A centrist New Year

These six resolutions can keep you safe and gainfully distracted from real issues all through 2021

January 02, 2021 04:01 pm | Updated 07:48 pm IST

Illustration: Getty Images/ iStock

Illustration: Getty Images/ iStock

If you’re reading this, it means you survived 2020 — so please accept my heartiest congratulations. I don’t know you but something tells me you’re keen to survive 2021 as well. But 2021 could be even tougher than 2020. According to a forecast by the India Meteorideological Department, thanks to a robust El Namo — a global phenomenon marked by evaporation of common sense and a collective melting away of brain cells responsible for empathy — the next 365 days could be 10 times more polarised, and polarising, than the past 1,195 days. Surviving them calls for strong resolve, which calls for strategically smart New Year’s resolutions.

A strategically smart New Year’s resolution is one that is both ambitious and easy to abide by. Its most critical quality is that it creates an anti-polarising atmosphere. How? By avoiding the two ends of the Indian Ocean dipolar disorder and staying centrist.

Some people scoff at centrism. I want to tell these arrogant know-it-alls that historically the only non-fascists who prospered under fascism were centrists. If you want to thrive in 2021, you will need some extremely centrist New Year’s resolutions that can keep you protected from the destructive rage-storms unleashed by political climate change.

I am sharing below six ideas that are potently centrist. They can help you sail through 2021 in safety and security by boosting your immunity to insanity. Feel free to pick one or pick all. As a special gesture in view of COVID-19, I’m waiving my right to royalties.

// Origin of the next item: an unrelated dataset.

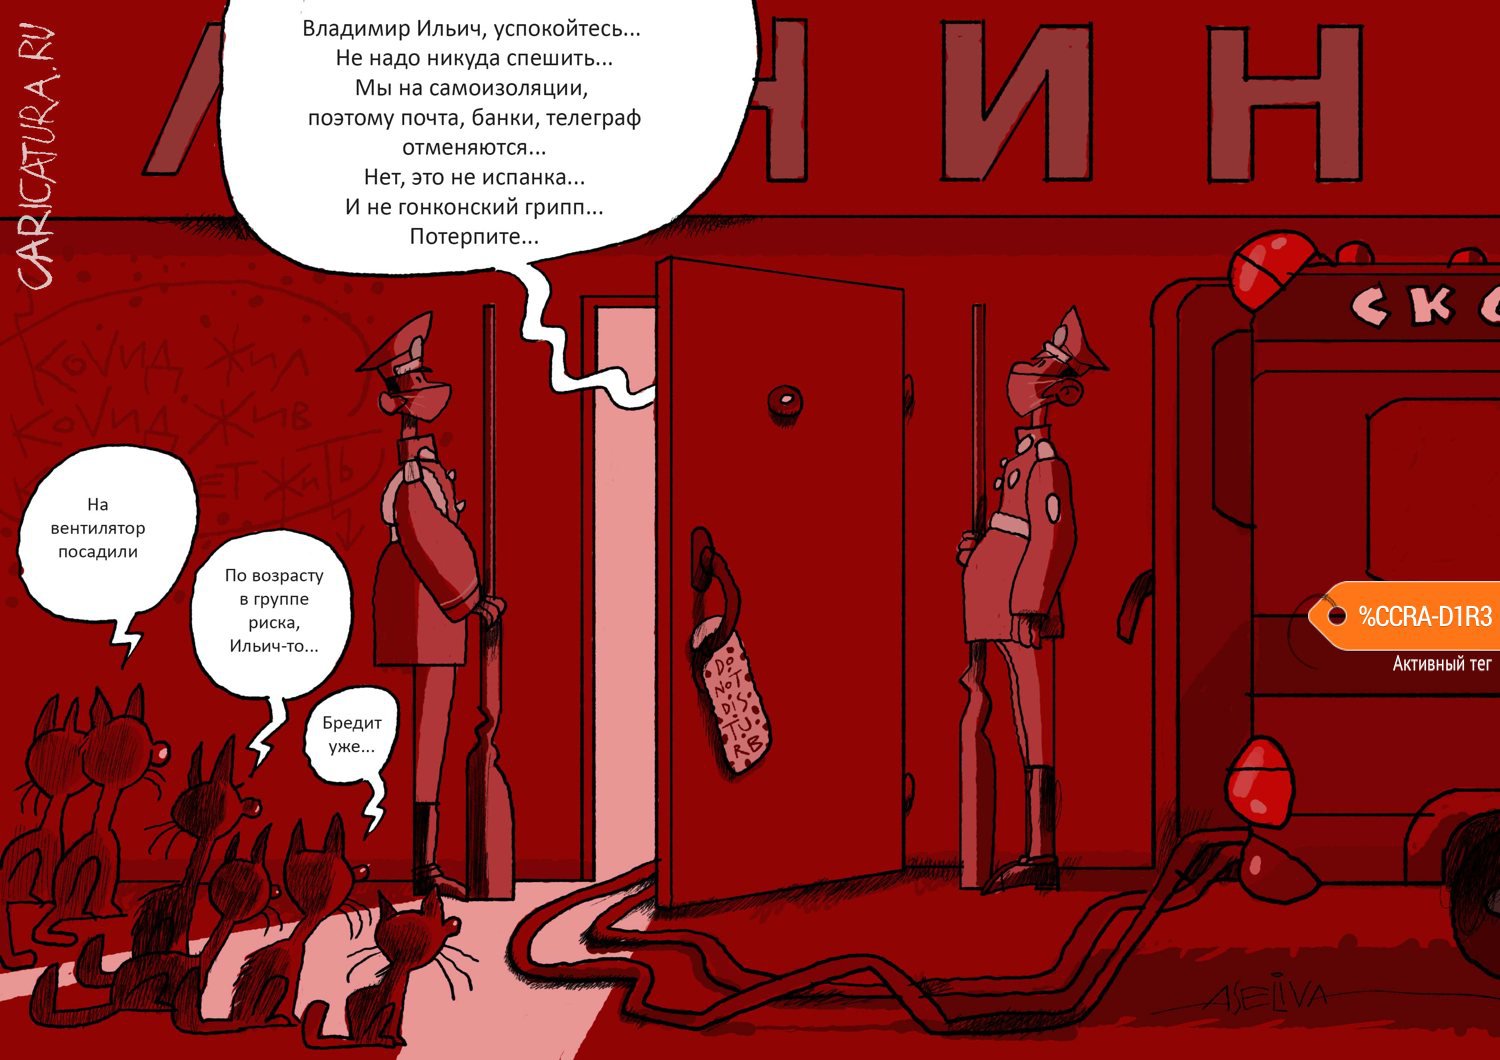 Карикатура "Революционное обострение во время пандемии", Андрей Селиванов

1. Read more books, if possible: I know you didn’t read as many books as you would have liked in 2020. But don’t blame yourself. The last thing you want to do when stuck at home with time on your hands is read a book — you’d rather use the time to stare at moving images on a plastic box. But 2021 shall be different. Stop feeling guilty for not reading as much as you should, and instead, pat yourself on the back every time you pick up a book, even if it’s only to kill a mosquito or raise the level of your laptop to avoid neck pain.

2. Save more, even if you don’t have an income: Have you read the book Rich Daddy, Poor Daddy ? No? Unless your daddy is Adani or Ambani, read it. You will learn that the one secret habit all billionaires have in common is that they save regardless of their employment status. So, don’t worry if you’ve lost your job and live on NREGA — just put whatever money you have in a savings account in a public sector bank so that it can give more loans to distinguished defaulters and expand its NPA portfolio. You don’t have to be a farmer to understand that every Indian’s well-being is directly proportional to the net worth of India’s crony capitalists.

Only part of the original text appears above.